* **Problem statement**:
Repeat exactly the lines below from the line that contains "Michael Binkley Nude" to the last line, inclusive, without the pictures.

Start of Material shown

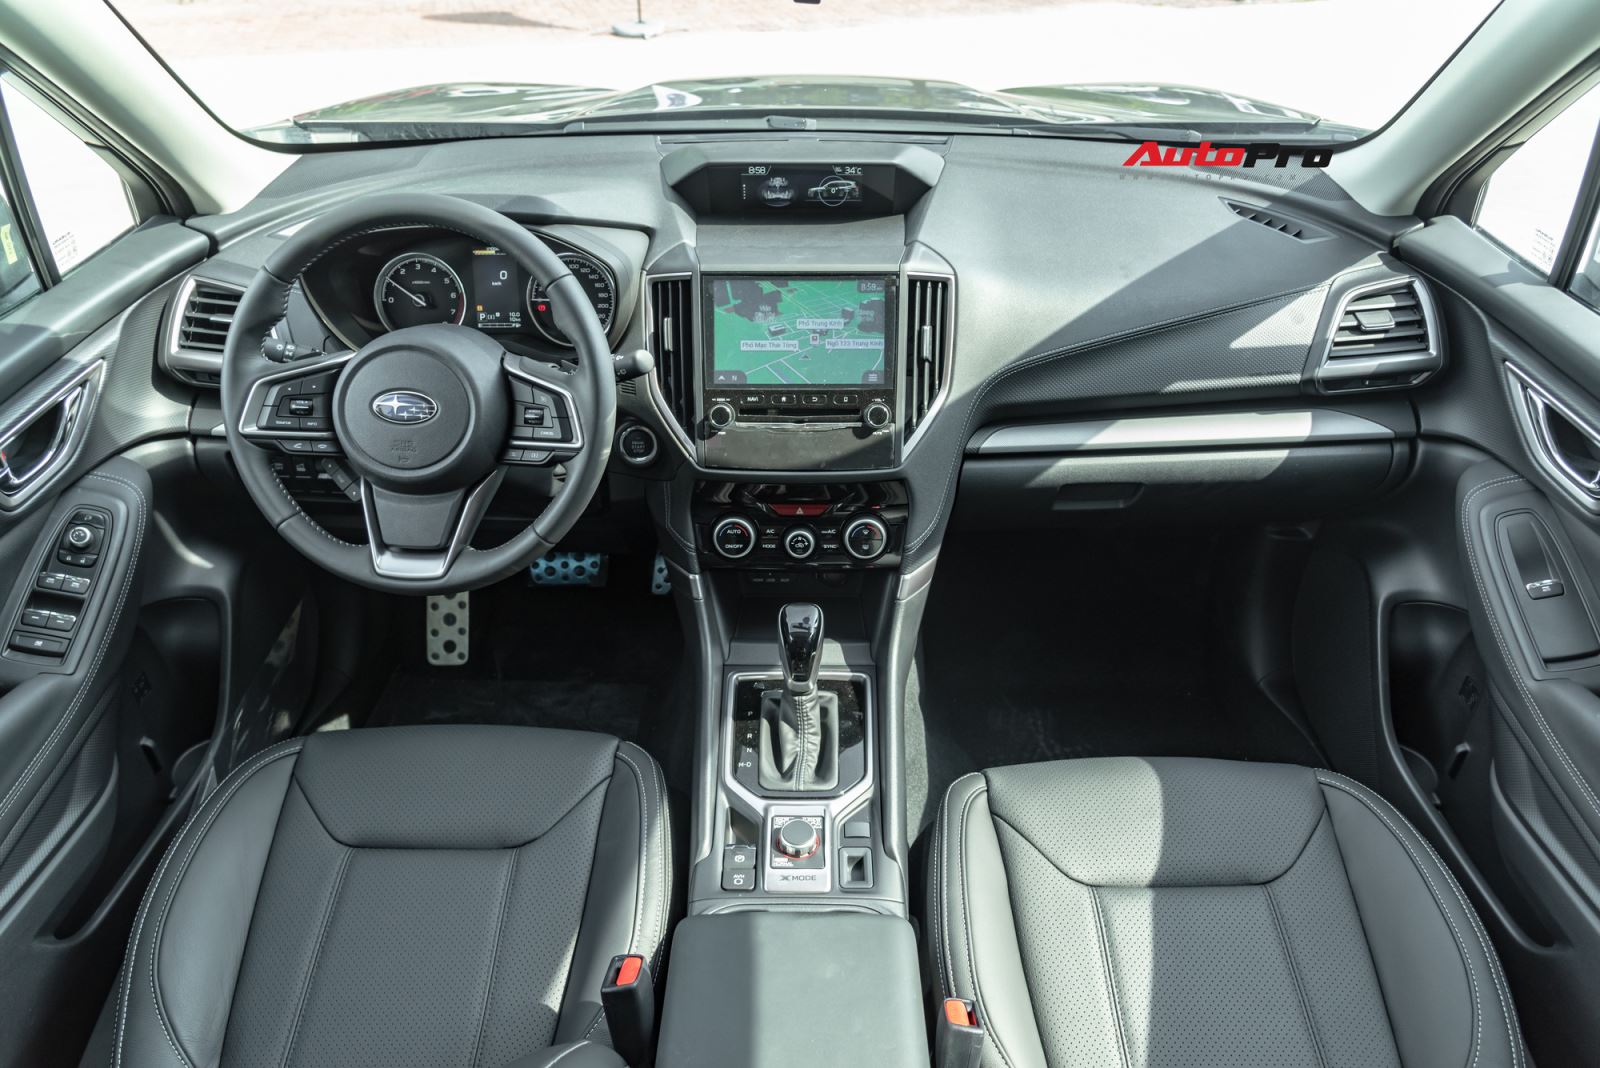 Đánh giá nhanh Subaru Forester 2019: Cơ hội trước Honda CR-V và Mazda CX-5? 1
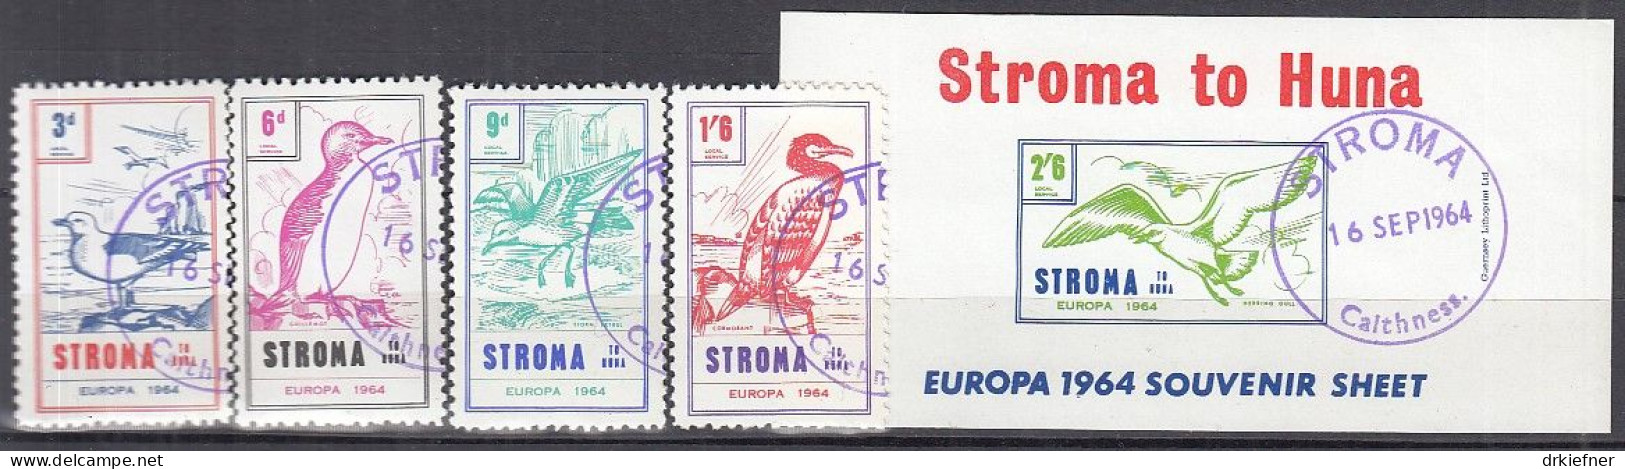 INSEL STROMA (Schottland), Nichtamtl. Briefmarken, Stroma To Huna, Block + 4 Marken, Gestempelt, Europa 1964, Vögel - Ecosse
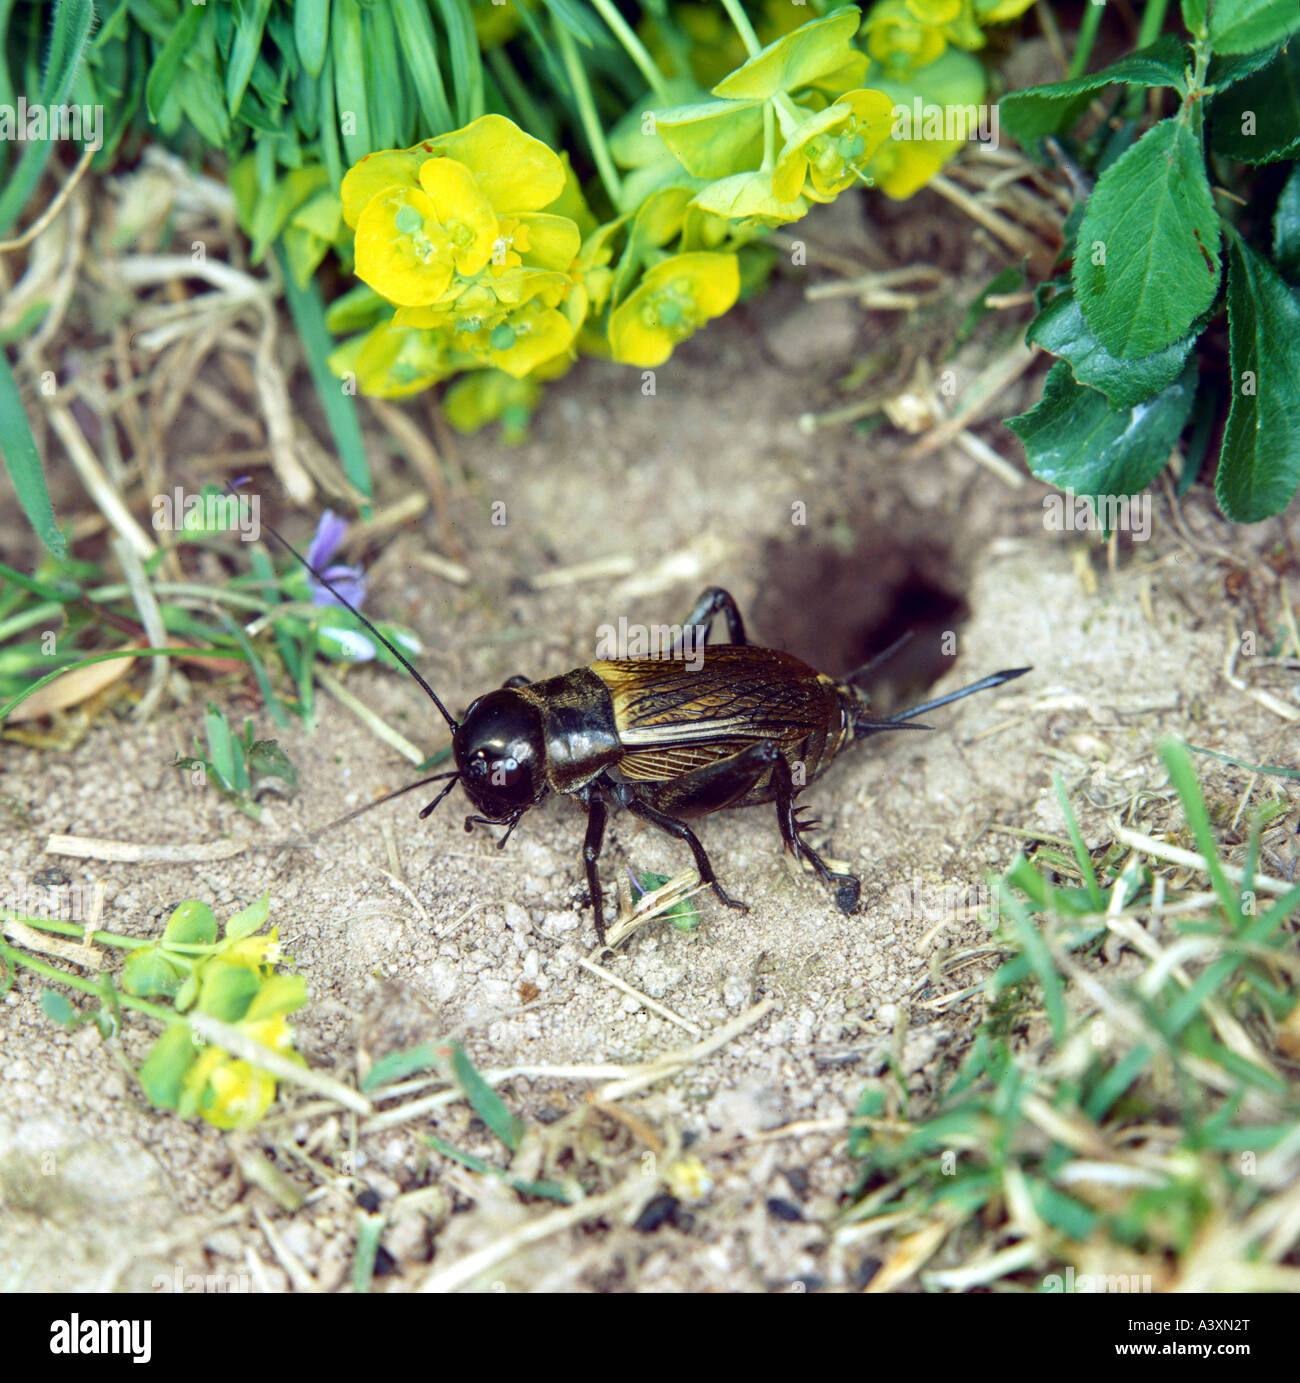 Zoologie / Tiere, Insekten, Heuschrecken, Field Cricket (Gryllus Campestris), weibliche Heuschrecke vor Boden Loch, close-up, Distri Stockfoto
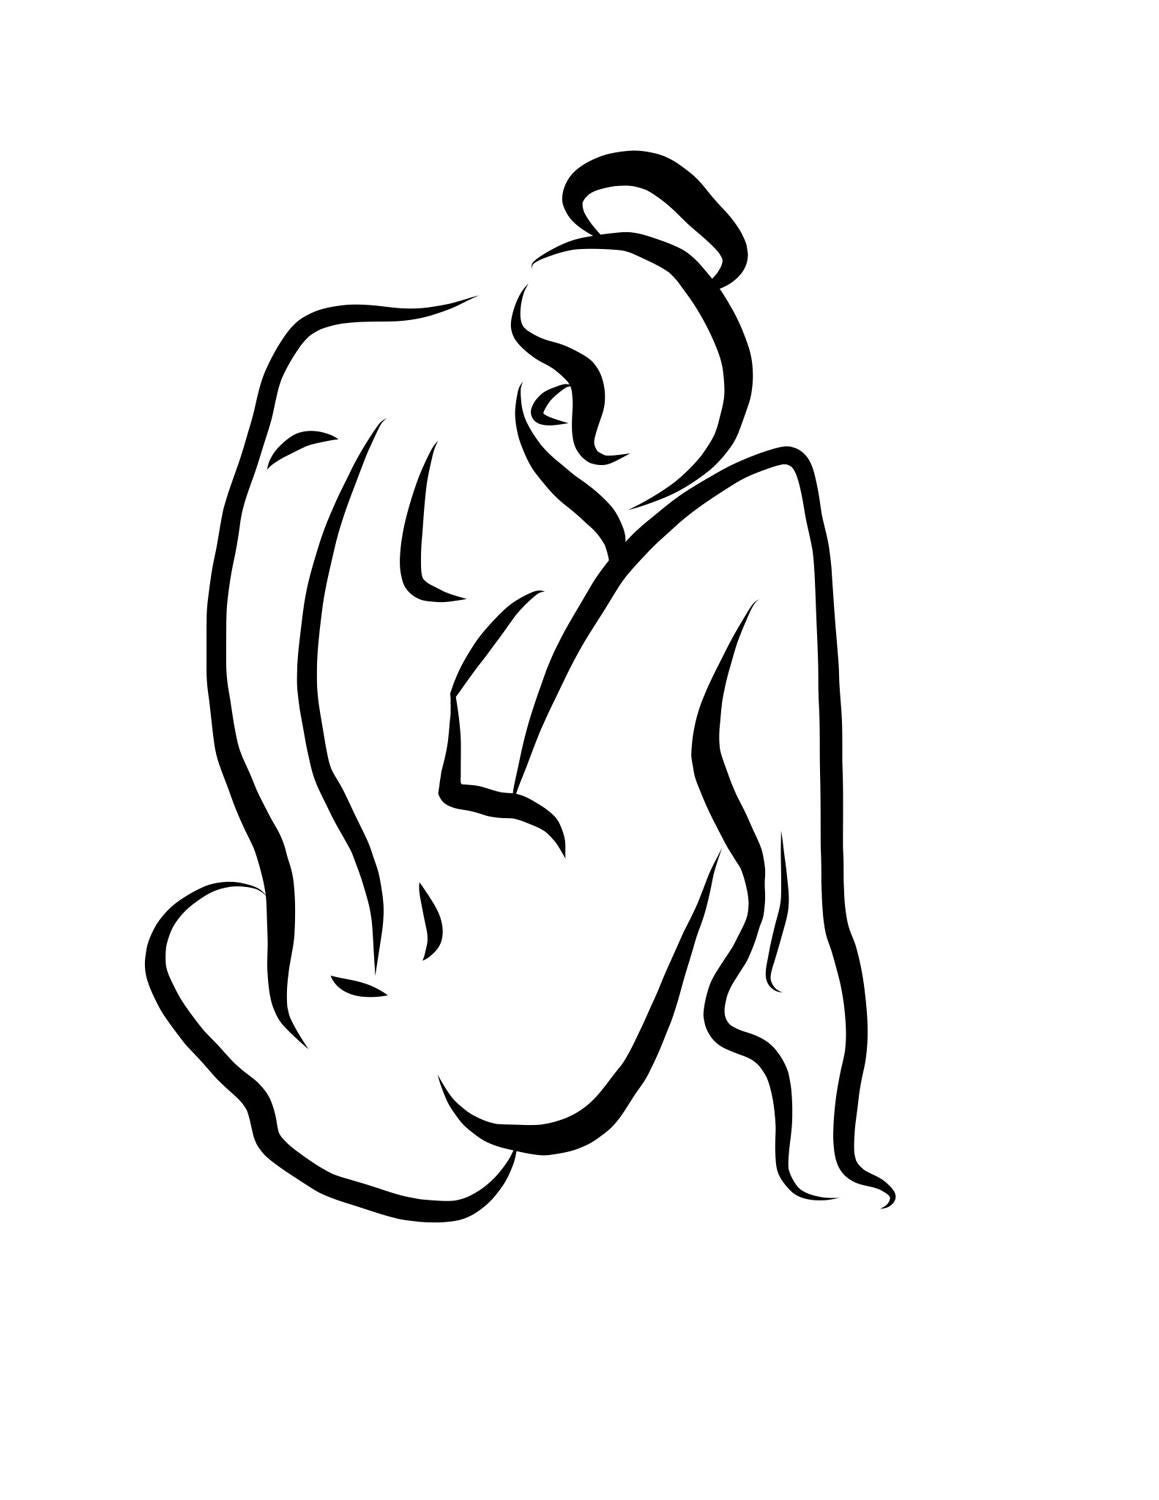 Michael Binkley Nude Print – Haiku #15, 1/50 - Digitale Vektorzeichnung Sitzende weibliche nackte Frau Figur hinter
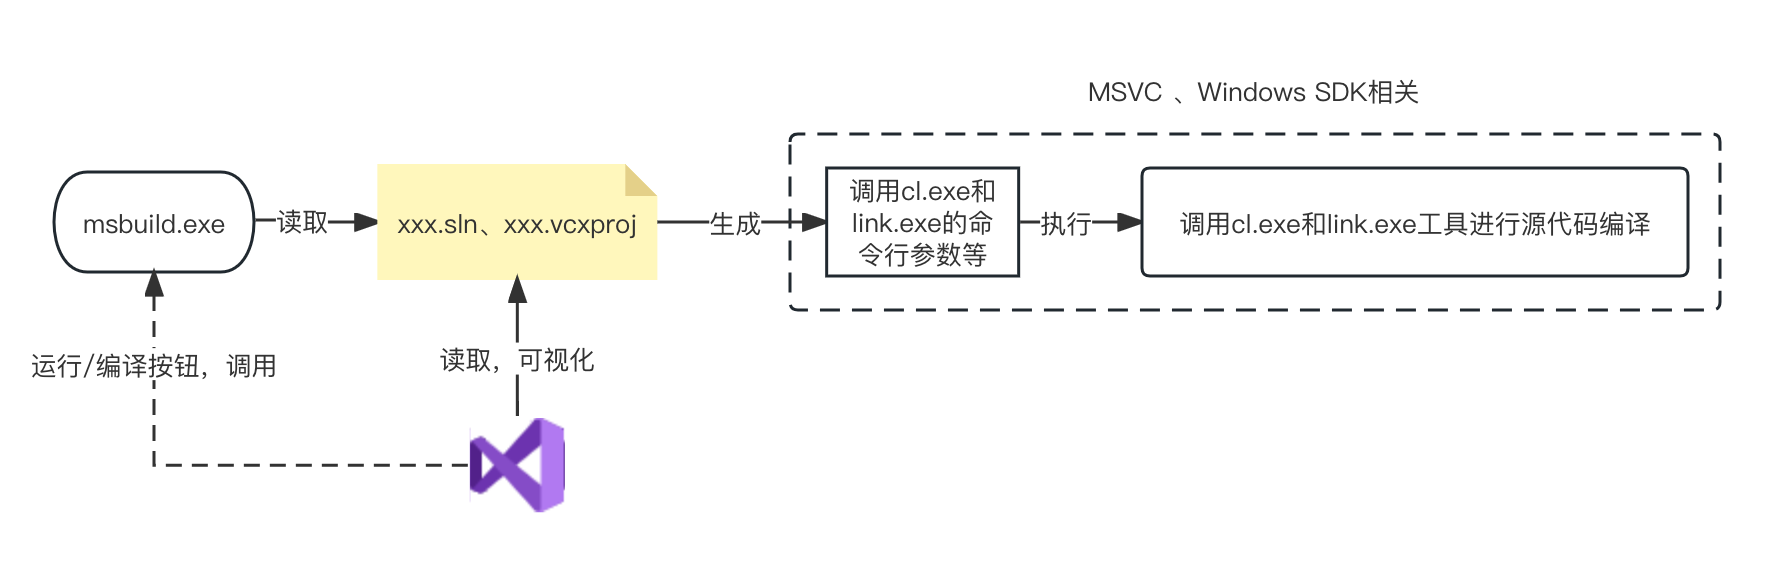 050-VS-IDE-MSBuild-MSVC-flow
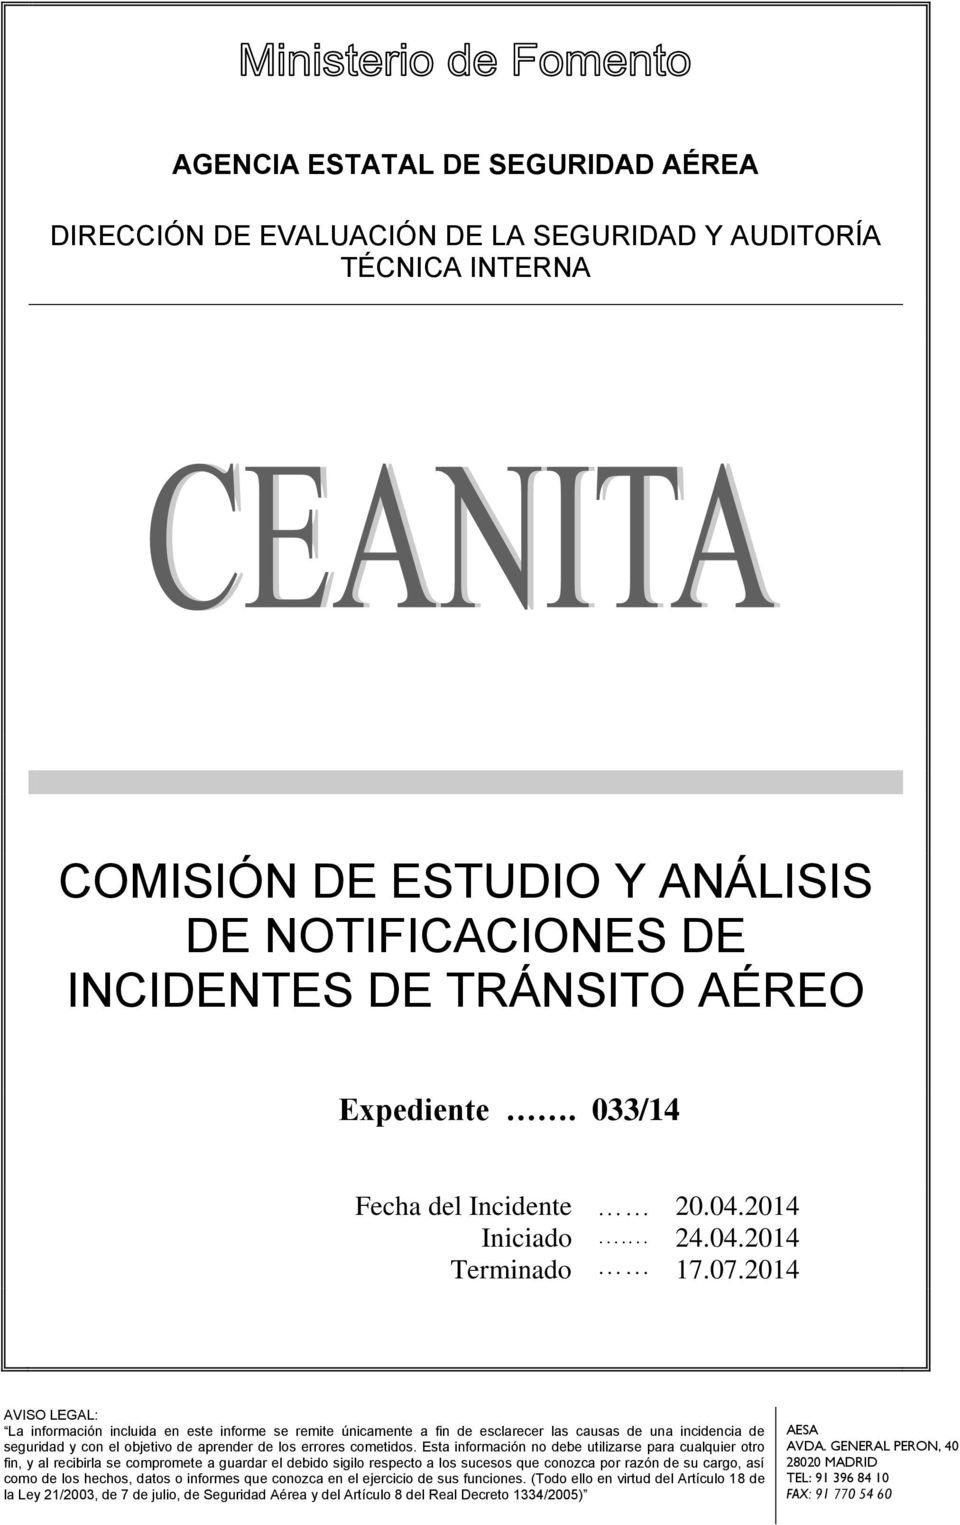 2014 AVISO LEGAL: La información incluida en este informe se remite únicamente a fin de esclarecer las causas de una incidencia de seguridad y con el objetivo de aprender de los errores cometidos.

End of Material shown

* **Result**:
 Michael Binkley Nude Print – Haiku #15, 1/50 - Digitale Vektorzeichnung Sitzende weibliche nackte Frau Figur hinter
 050-VS-IDE-MSBuild-MSVC-flow
 2014 AVISO LEGAL: La información incluida en este informe se remite únicamente a fin de esclarecer las causas de una incidencia de seguridad y con el objetivo de aprender de los errores cometidos.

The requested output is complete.